Last Updated: March 13, 2026
Introduction
Linux systems running containerized workloads, Kubernetes components, GPU operators, monitoring agents, or other services that rely heavily on filesystem watchers may encounter "too many open files" errors due to the kernel parameter fs.inotify.max_user_instances being exhausted.
This parameter controls how many inotify file watcher instances a single user can create system-wide. Many modern services - including kubelet, containerd, device plugins, logging agents, and application runtimes - rely on filesystem watchers to monitor directories and configuration changes.
The default Linux value for fs.inotify.max_user_instances is 128, which can be insufficient for systems running real workloads. When this limit is reached, services may fail to create file watchers and produce errors such as:
failed to create FS watcher for /var/lib/kubelet/device-plugins/: too many open files
Unable to start config watcher. error=Too many open files (os error 24)
When this occurs, applications or system services may fail to start correctly. In Kubernetes environments, this may result in nodes becoming partially unusable - GPUs may become non-allocatable and pods may fail to schedule.

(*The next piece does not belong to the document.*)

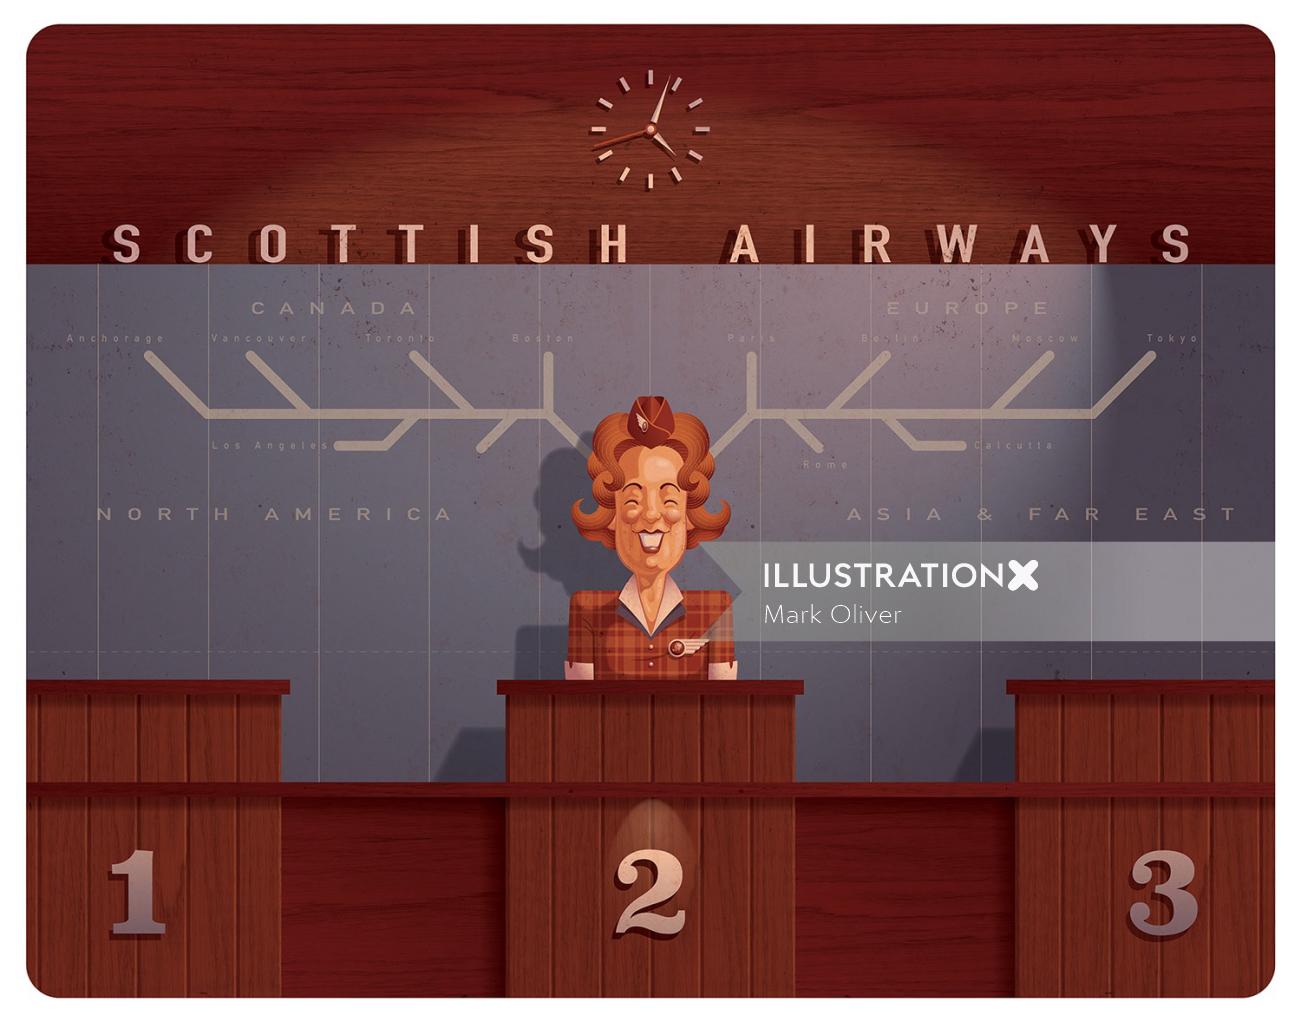 Voies aériennes écossaises illustrées par Mark Oliver

This guide explains how to increase the fs.inotify.max_user_instances limit on Linux systems, including Kubernetes worker nodes and standalone virtual machines, to prevent these failures.
Note:
Our engineering team is aware of this limitation in the current node configuration. A future platform update is planned to include an updated default value in the base node image, which will eliminate the need for this manual workaround on newly created nodes.
Prerequisites
Before performing this procedure, ensure the following:
SSH access to the affected system (VM or node)
sudo privileges
Basic familiarity with Linux system administration
If troubleshooting a Kubernetes cluster, ensure:
kubectlis installed and configuredAdministrative access to the cluster
You may identify affected systems by reviewing logs from services that rely on file watchers.
Example (Kubernetes):
kubectl logs -n nvidia-gpu-operator <pod-name>
Look for errors containing "too many open files".
Important:
If the system is part of a Kubernetes cluster, restarting services such as kubelet and containerd may temporarily evict workloads. Perform this change during a maintenance window when possible.
Step-by-Step Instructions
1. Verify the Current Limit
SSH into the affected worker node and check the current max_user_instances value.
ssh ubuntu@<node-public-ip>
cat /proc/sys/fs/inotify/max_user_instances
Example output:
128
If the value is 128, the node is using the Linux default and should be increased for Kubernetes workloads.
2. Increase the inotify max_user_instances Limit
Update the system configuration to increase the limit and make it persistent across reboots.
Add the new value to /etc/sysctl.conf:
echo "fs.inotify.max_user_instances = 8192" | sudo tee -a /etc/sysctl.conf
Apply the configuration immediately:
sudo sysctl -p
Verify the updated value:
cat /proc/sys/fs/inotify/max_user_instances
Expected output:
8192
Note:
The value 8192 is sufficient for most Kubernetes workloads.
3. Restart Affected Services
Some services may need to be restarted to fully recover after the limit is increased.
For Standalone VMs
Restart the affected service(s). For example:
sudo systemctl restart <service-name>
If you are unsure which service is affected, restarting the application or runtime that was producing the error may resolve the issue.
For Kubernetes Nodes
After running sysctl -p, the new limit takes effect immediately in the kernel.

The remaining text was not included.